I-Method

7-11 中間処分業(2)

チェック項目2 ライン構成の把握

 ライン構成は、もっとも重要な現地調査のチェックポイントである。単独施設、単品処理の施設なら、許可証や公開情報で十分だが、複合処理施設の場合は、現地で施設の連結状態を実際に見て、工場管理者から説明を聞かないと、ライン構成を理解できない。
 ライン構成がわからないと、施設の総合処理能力が算定できない。
 ラインのチェック項目は以下の通りである。

 1 ラインの数
 2 ラインごとの主要設備
 3 ラインごとの処理能力
 4 ラインごとの処理量(稼働率)
 5 ラインの運転・整備状況

 ラインの数は、施設配置図、処理フロー図、処理実績(ラインごとに整理されている場合がある。)、施設の連結状態、主要設備などを総合的に勘案して決める。
 施設で用いられているラインの数が正しいとは限らない。

 主要設備は、ボトルネック、クリティカルなどとも呼ばれることがある。ラインの中でもっとも大きな設備がたいていは主要設備である。フロー図を描いたとき、その設備を必ず廃棄物が通り、その設備の能力がライン全体の能力を決定しているとき、その設備が主要設備である。主要設備は1つであることもあるし、複数あることもある。
 先に主要設備を決定し、主要設備の数でラインの数を決めてもよい。
 主要設備よりも前にある設備を前処理設備、後にある設備を後処理設備と呼ぶ。
 たとえば、破砕、機械選別、圧縮梱包が連続したラインでは、破砕機が前処理設備、機械選別が主要設備、ベーラー(圧縮梱包機)が後処理設備である。

 ラインごとの処理能力は、主要設備の処理能力で代表させ、前処理と後処理は無視する。主要設備が並列している場合は処理能力を合計し、直列している場合は、一番小さな能力がラインの能力になる。
 処理品目ごとに処理能力の表示が異なる場合は、混合処理能力があればそれを用い、それがなければもっとも処理能力の表示が大きくなる品目で代表させる。

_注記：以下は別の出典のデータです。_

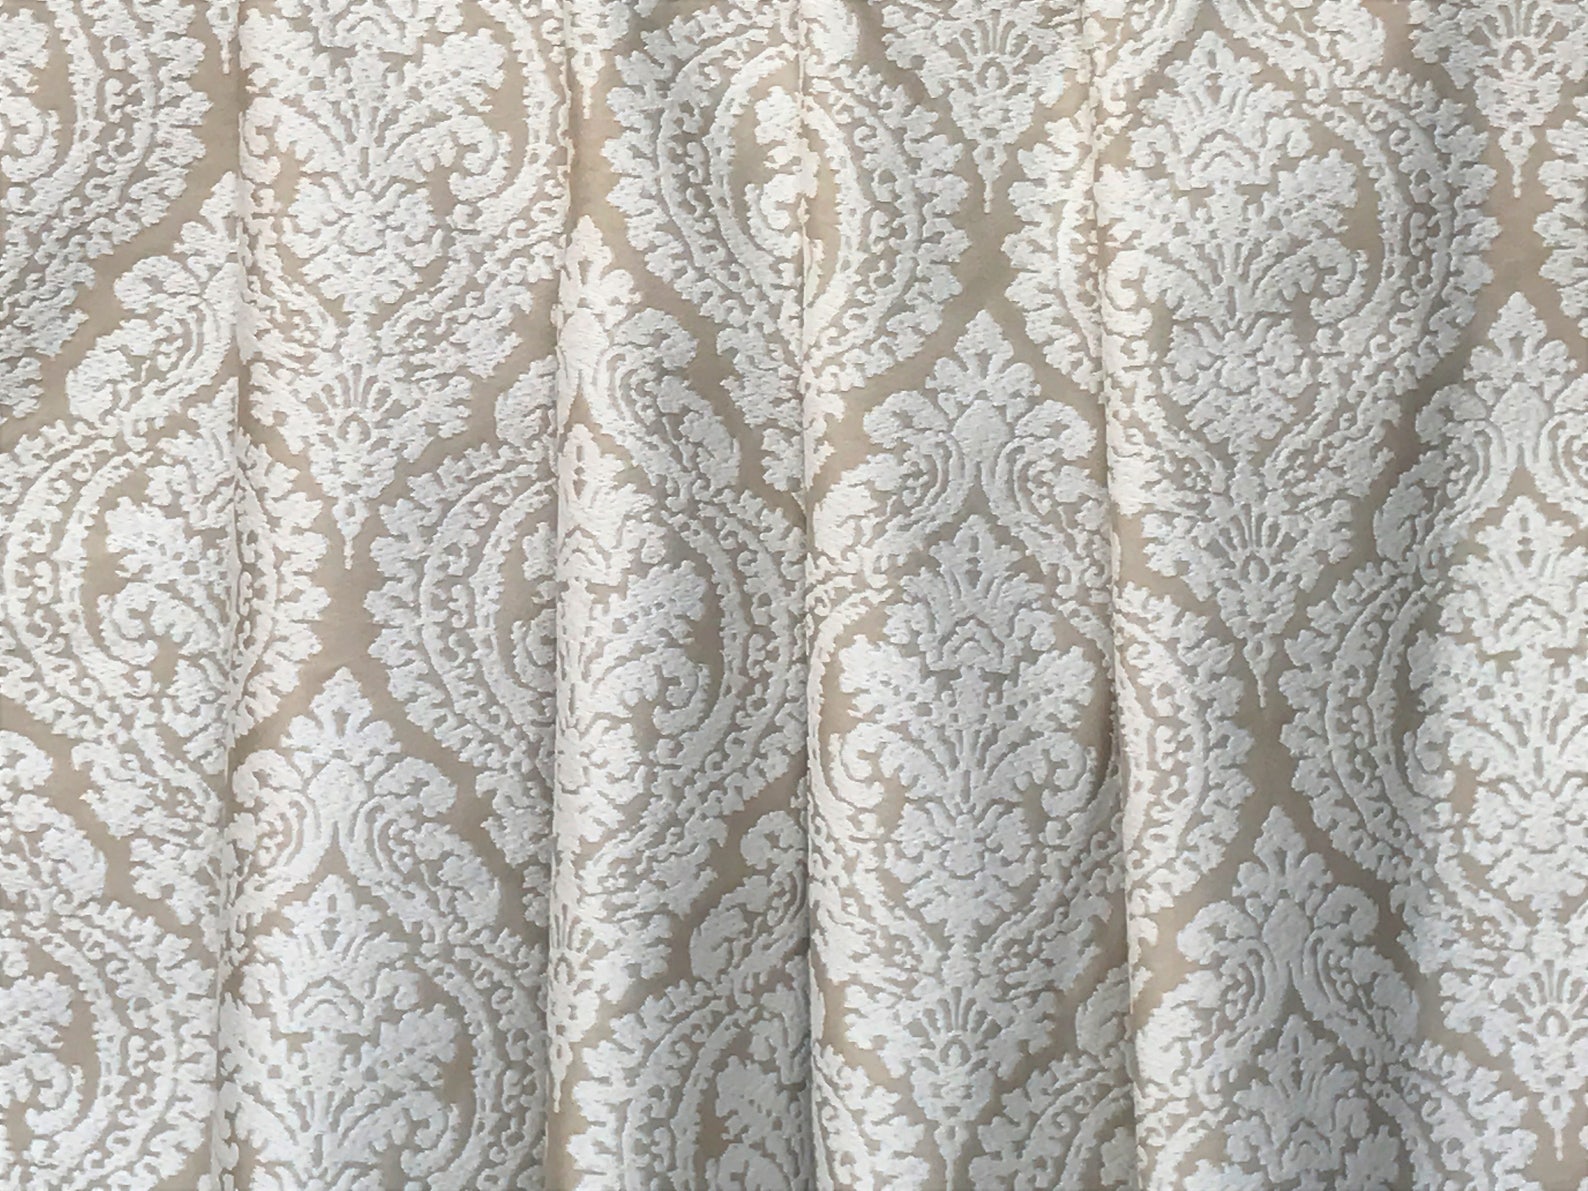 Champagne and Ivory Damask Curtain Fabric by the Yard - Etsy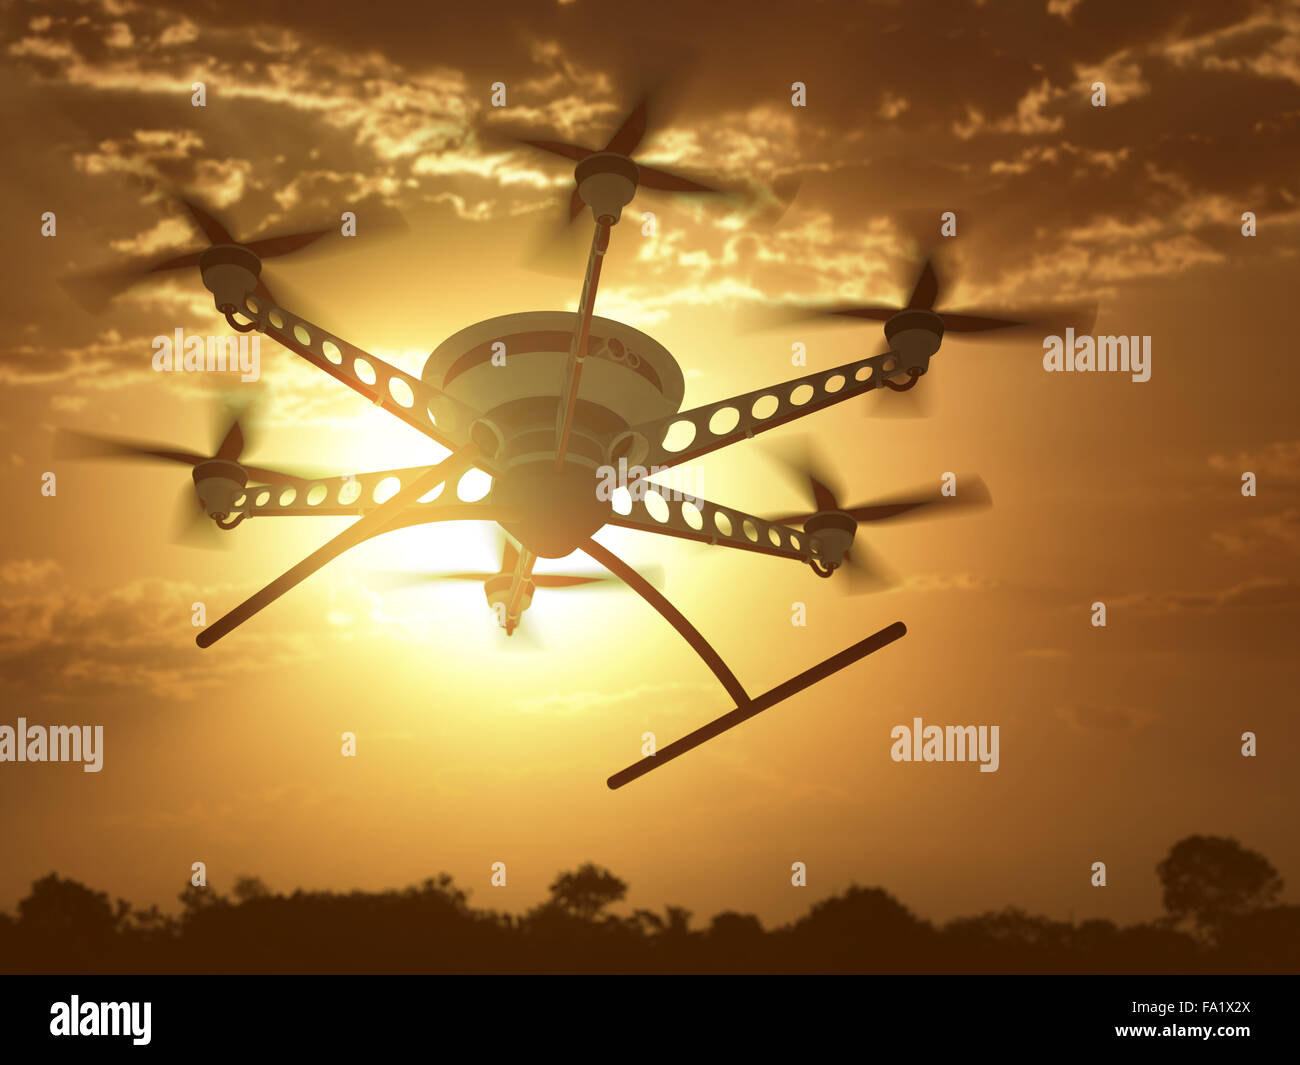 Drone flying under the sunset and cloudy sky. Stock Photo

 ラインごとの処理量がわかれば、ラインごとの施設稼働率を算定することができる。
 一般的に、稼働率は50%〜80%が理想的である。設備にはかならず段取りや点検があるので、稼働率100%はありえない。ただし、によって稼働率が100%以上になることがある。
 稼働率が低すぎる場合(20%以下)は施設のメンテナンス不良や老朽化、稼働率が高すぎる場合(100%以上)は過剰受注、運転時間延長(許可条件違反)、過小処理能力表示などの問題がある可能性がある。
 廃棄物の設計比重と実際比重の誤差から、稼働率が低くなってしまう施設がある。とくに破砕施設はこの傾向がある。

 ラインの運転・整備状況は次の項目でチェックする。
 1 施設の稼動状況
 2 故障や修繕の痕跡 
 3 運転担当者の人数
 4 運転記録、整備記録
 5 無許可施設設置、無許可施設更新
 6 マルチ処理

 マルチ処理とは、1つの処理施設を段取りを変えることによって複数の品目に対応させる処理である。マルチ処理は、処理後廃棄物に異物が混ざりやすいので、望ましくない。